Only these lines of the data below are wanted: the one with "6780■Envío gratis!! Póster", the one with "ジアルティマックス ウルトラスープレックスホールド リマスター版", and any lines between them, each repeated exactly.

* _Data for processing_
* * * * * * * * *

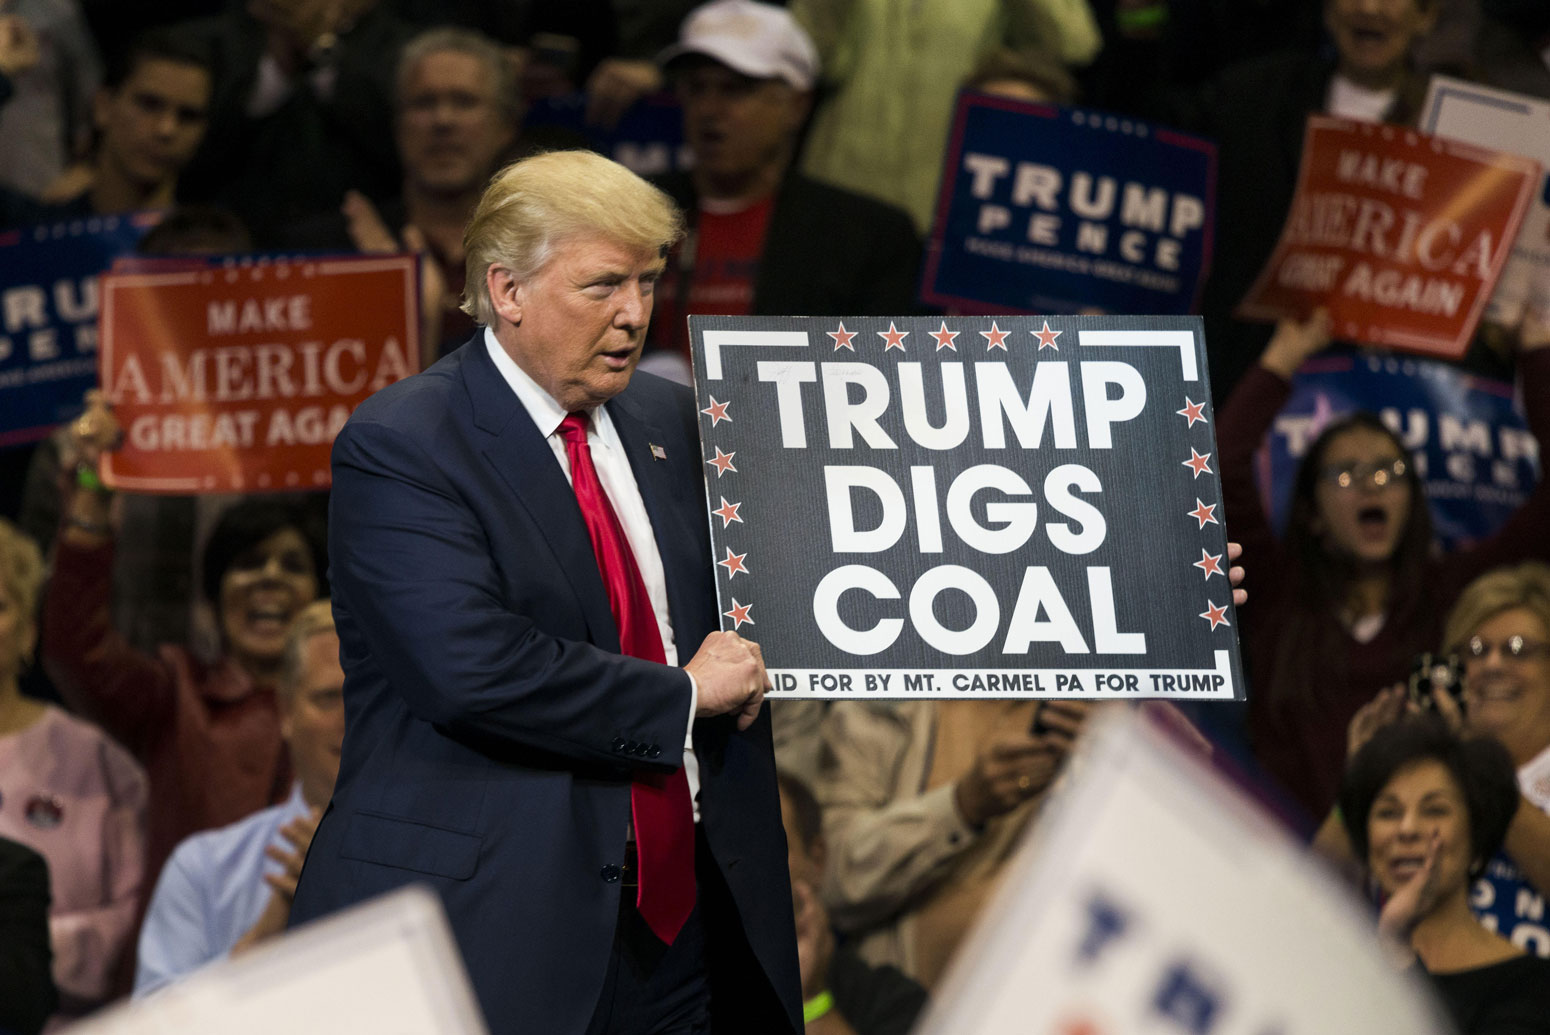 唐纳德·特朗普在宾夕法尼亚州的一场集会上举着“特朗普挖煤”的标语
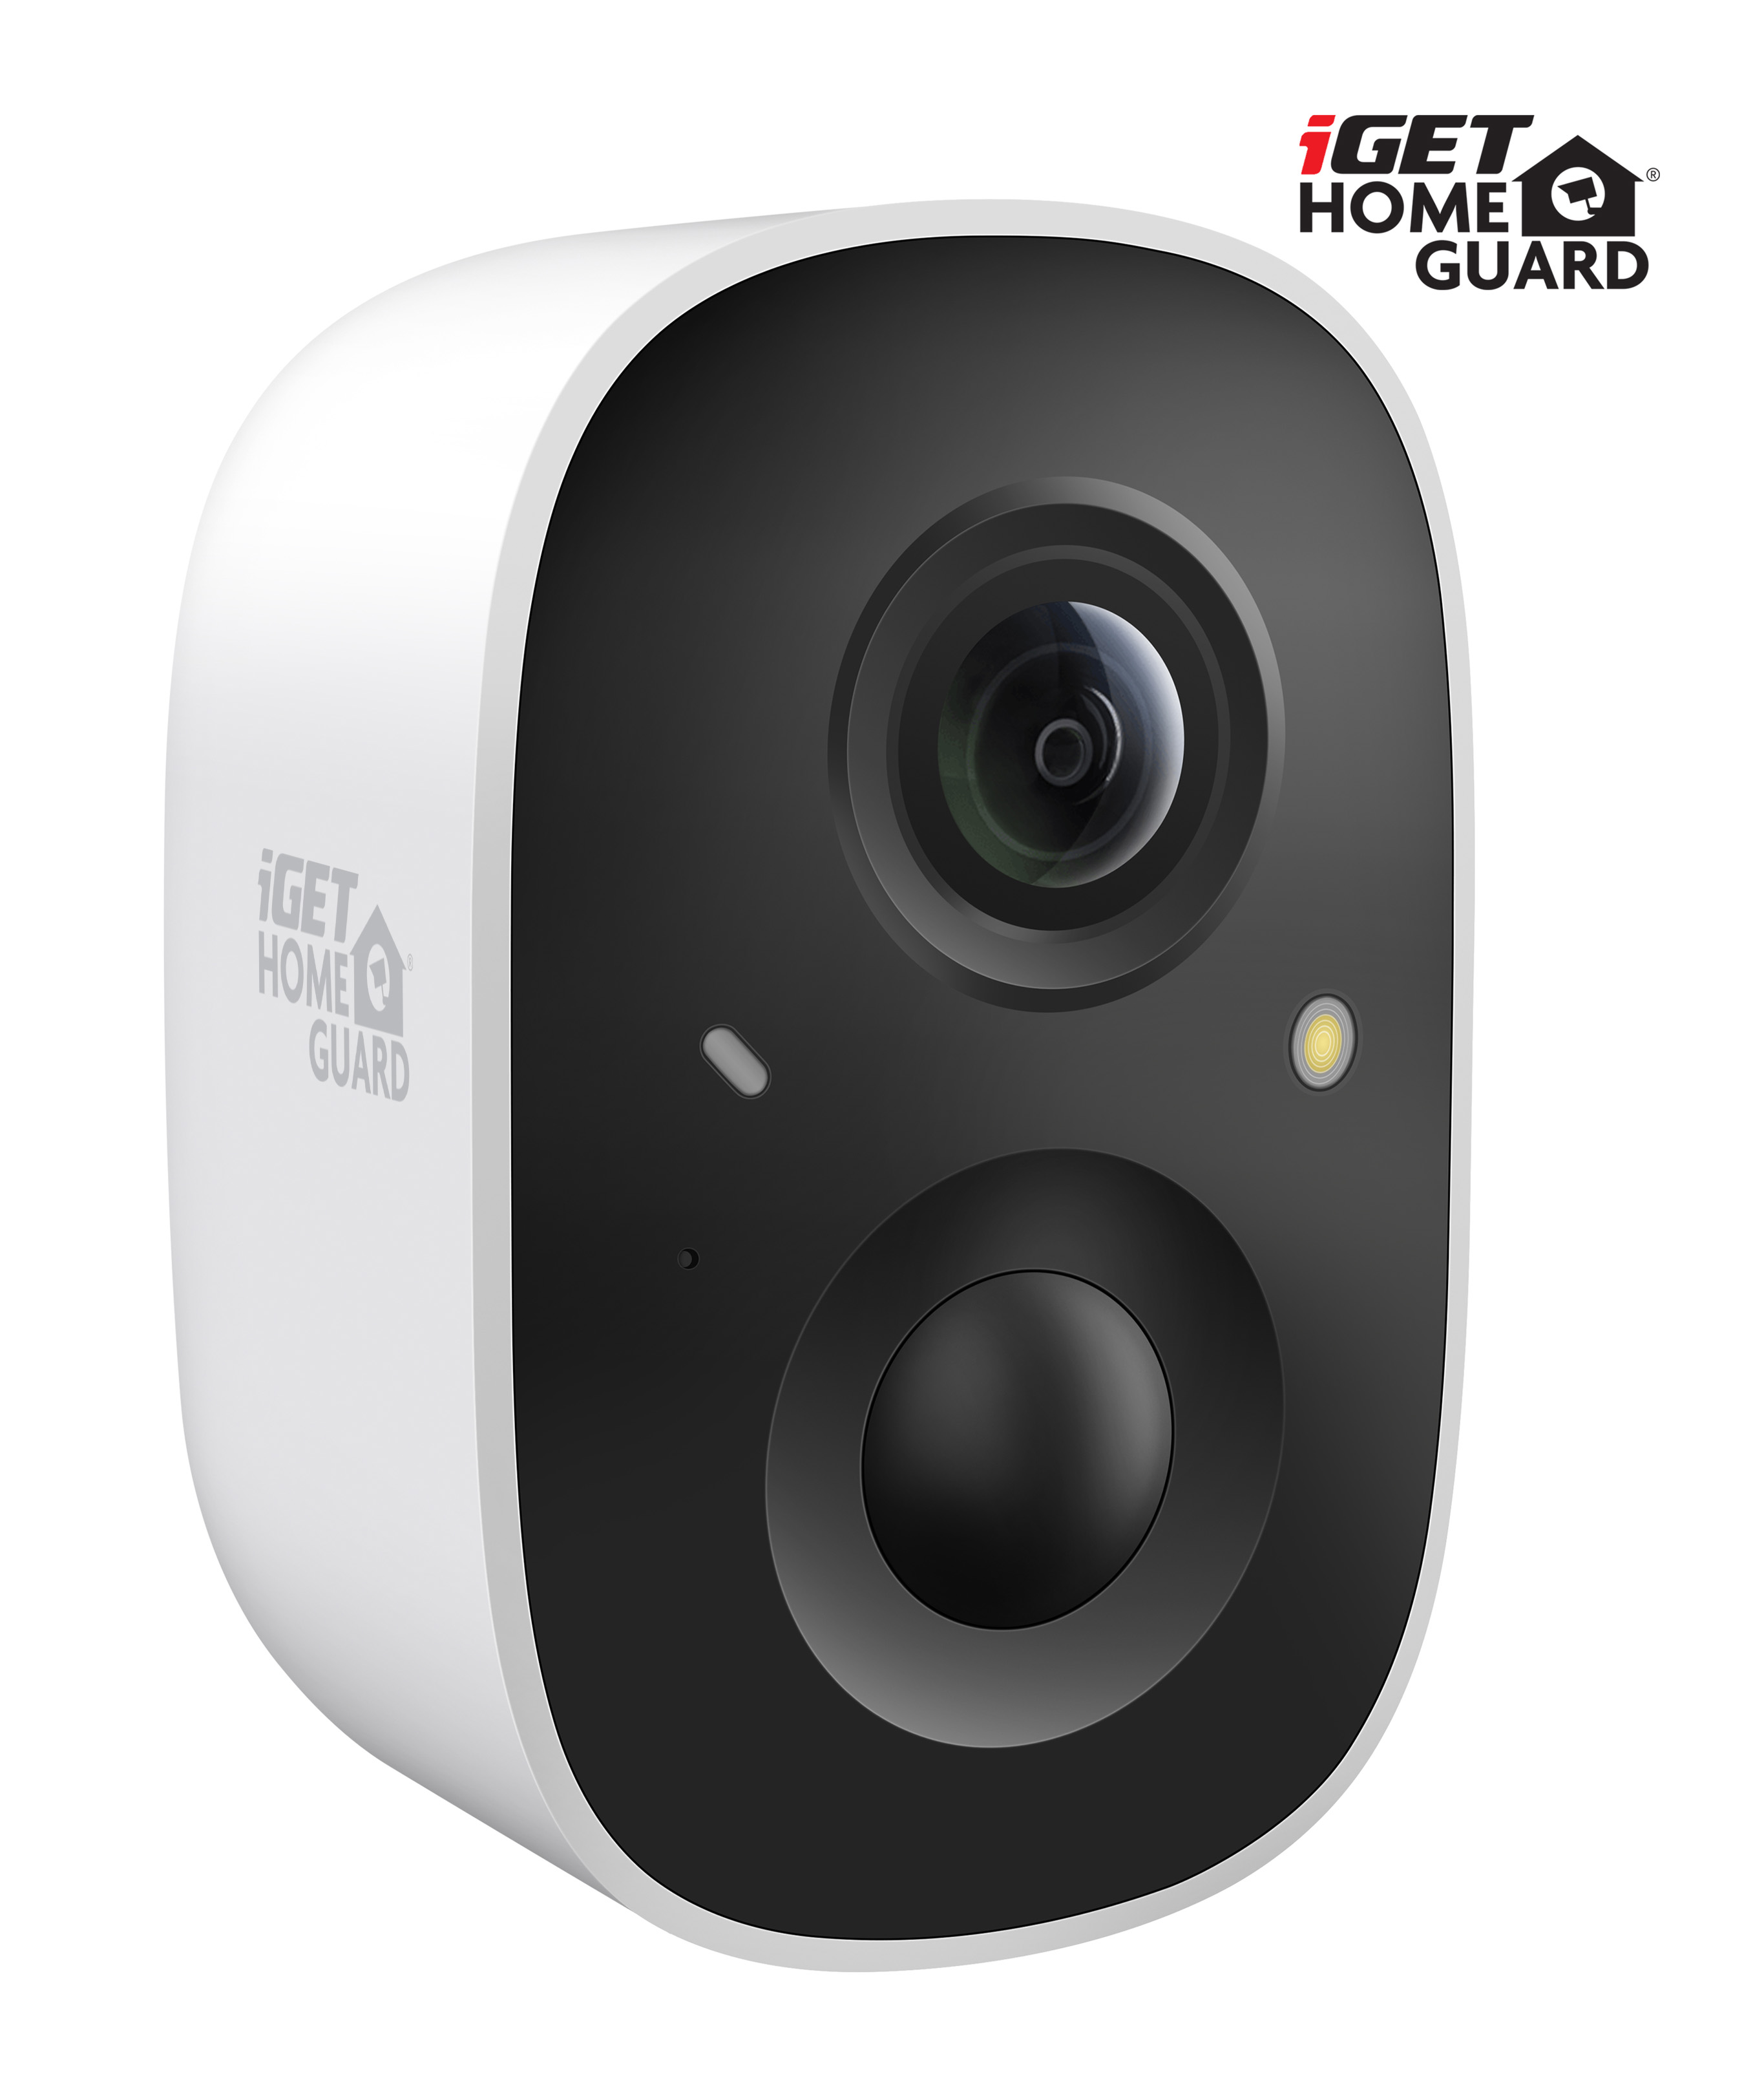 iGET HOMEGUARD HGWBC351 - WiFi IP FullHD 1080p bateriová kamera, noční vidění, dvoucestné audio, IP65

* * * * * * * * *

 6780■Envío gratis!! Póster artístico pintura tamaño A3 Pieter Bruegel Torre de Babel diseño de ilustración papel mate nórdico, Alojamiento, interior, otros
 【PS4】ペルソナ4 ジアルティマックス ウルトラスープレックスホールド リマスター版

* * * * * * * * *

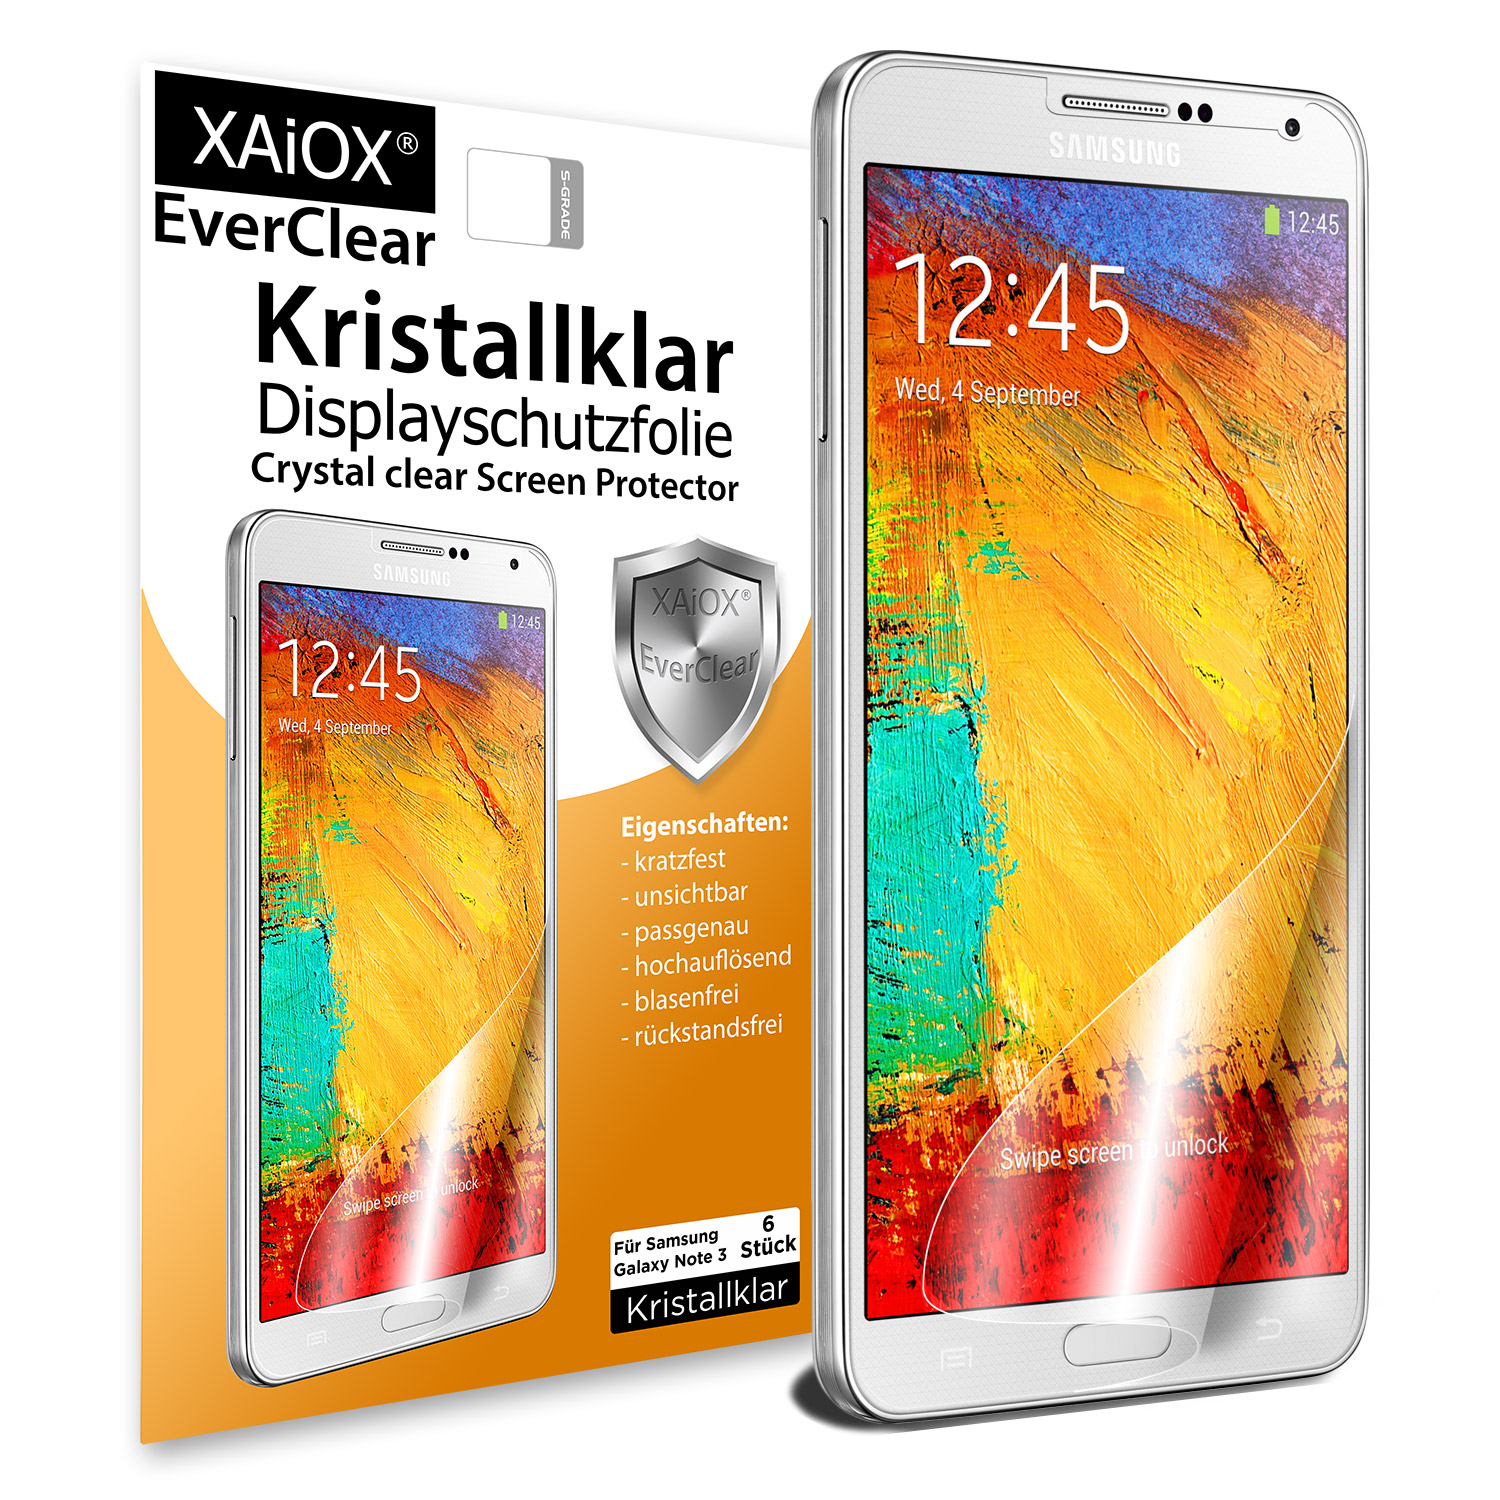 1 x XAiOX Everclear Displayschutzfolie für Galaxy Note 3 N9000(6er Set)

* * * * * * * * *

* _Task output_
 6780■Envío gratis!! Póster artístico pintura tamaño A3 Pieter Bruegel Torre de Babel diseño de ilustración papel mate nórdico, Alojamiento, interior, otros
 【PS4】ペルソナ4 ジアルティマックス ウルトラスープレックスホールド リマスター版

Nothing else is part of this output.